(Entries shown begins)
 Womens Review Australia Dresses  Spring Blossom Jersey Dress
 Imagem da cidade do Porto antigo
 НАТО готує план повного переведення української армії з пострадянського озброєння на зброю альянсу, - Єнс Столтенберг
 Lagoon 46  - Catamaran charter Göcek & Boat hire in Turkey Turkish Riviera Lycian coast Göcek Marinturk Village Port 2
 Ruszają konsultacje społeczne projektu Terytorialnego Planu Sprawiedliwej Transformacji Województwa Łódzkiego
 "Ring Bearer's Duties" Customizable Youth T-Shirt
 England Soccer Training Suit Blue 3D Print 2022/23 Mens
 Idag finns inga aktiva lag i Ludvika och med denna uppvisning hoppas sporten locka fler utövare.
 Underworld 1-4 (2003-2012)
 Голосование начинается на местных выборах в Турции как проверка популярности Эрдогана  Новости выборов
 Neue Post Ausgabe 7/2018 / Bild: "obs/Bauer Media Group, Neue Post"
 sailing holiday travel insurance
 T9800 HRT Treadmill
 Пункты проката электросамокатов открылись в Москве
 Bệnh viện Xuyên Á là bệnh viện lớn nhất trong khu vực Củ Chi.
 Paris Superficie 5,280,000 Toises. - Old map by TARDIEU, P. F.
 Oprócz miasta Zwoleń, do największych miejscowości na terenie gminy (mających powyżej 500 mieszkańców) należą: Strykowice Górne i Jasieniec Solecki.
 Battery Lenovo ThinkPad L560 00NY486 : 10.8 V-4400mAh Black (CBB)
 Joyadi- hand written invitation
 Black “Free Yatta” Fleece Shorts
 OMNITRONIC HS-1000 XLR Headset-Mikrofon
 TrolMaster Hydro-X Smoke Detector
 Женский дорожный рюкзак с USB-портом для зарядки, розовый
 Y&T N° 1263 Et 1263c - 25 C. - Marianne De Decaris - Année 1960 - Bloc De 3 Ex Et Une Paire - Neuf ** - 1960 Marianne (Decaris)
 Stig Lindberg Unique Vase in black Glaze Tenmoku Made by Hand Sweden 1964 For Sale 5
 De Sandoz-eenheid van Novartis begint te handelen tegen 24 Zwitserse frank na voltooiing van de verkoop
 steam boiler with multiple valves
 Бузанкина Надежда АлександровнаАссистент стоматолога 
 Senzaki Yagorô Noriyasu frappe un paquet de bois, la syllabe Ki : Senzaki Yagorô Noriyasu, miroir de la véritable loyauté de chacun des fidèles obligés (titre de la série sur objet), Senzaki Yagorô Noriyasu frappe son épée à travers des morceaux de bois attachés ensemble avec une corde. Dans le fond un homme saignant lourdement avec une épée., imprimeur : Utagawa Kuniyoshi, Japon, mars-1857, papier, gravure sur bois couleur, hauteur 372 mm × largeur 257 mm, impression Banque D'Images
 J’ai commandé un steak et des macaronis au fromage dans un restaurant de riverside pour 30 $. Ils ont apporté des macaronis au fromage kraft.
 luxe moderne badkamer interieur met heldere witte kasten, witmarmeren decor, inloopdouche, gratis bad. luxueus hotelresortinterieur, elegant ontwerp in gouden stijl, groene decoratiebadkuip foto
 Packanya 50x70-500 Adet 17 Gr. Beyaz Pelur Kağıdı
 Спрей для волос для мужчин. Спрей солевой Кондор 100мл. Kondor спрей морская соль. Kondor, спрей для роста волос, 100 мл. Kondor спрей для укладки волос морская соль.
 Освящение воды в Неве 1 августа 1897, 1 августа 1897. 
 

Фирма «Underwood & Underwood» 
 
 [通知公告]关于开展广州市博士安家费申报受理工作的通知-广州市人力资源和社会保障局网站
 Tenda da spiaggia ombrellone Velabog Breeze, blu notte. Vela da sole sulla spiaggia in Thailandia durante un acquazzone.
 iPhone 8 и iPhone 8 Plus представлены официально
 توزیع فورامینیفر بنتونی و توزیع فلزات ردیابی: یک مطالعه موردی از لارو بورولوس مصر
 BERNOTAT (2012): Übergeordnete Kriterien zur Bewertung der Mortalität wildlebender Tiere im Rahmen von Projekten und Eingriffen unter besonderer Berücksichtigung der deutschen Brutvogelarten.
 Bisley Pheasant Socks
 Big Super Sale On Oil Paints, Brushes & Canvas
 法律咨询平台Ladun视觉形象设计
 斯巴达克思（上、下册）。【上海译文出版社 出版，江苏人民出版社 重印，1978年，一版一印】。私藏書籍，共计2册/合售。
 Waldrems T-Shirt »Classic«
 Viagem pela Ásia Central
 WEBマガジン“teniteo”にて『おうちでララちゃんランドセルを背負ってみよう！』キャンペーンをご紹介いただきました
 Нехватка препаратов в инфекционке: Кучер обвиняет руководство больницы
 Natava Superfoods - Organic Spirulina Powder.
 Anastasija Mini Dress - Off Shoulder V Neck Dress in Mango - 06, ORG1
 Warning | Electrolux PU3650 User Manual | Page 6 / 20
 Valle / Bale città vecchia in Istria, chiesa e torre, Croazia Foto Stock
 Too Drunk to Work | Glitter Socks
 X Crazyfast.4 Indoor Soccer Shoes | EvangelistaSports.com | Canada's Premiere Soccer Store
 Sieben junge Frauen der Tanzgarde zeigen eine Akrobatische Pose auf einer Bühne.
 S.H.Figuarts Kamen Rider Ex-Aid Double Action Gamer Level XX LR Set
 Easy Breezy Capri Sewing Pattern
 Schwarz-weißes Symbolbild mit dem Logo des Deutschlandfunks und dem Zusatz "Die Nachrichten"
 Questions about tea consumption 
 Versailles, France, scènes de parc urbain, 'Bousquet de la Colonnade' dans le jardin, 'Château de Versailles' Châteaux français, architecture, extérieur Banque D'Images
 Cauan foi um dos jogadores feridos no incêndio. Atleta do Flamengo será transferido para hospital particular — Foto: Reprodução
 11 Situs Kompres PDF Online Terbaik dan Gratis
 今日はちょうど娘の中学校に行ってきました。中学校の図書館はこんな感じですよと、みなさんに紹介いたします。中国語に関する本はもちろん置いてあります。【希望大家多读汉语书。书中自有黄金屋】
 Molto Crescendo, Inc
(Entries shown ends)
# Assigned task:
When a line of the records includes "Soccer", that line belongs in the answer.

# Task output:
 England Soccer Training Suit Blue 3D Print 2022/23 Mens
 X Crazyfast.4 Indoor Soccer Shoes | EvangelistaSports.com | Canada's Premiere Soccer Store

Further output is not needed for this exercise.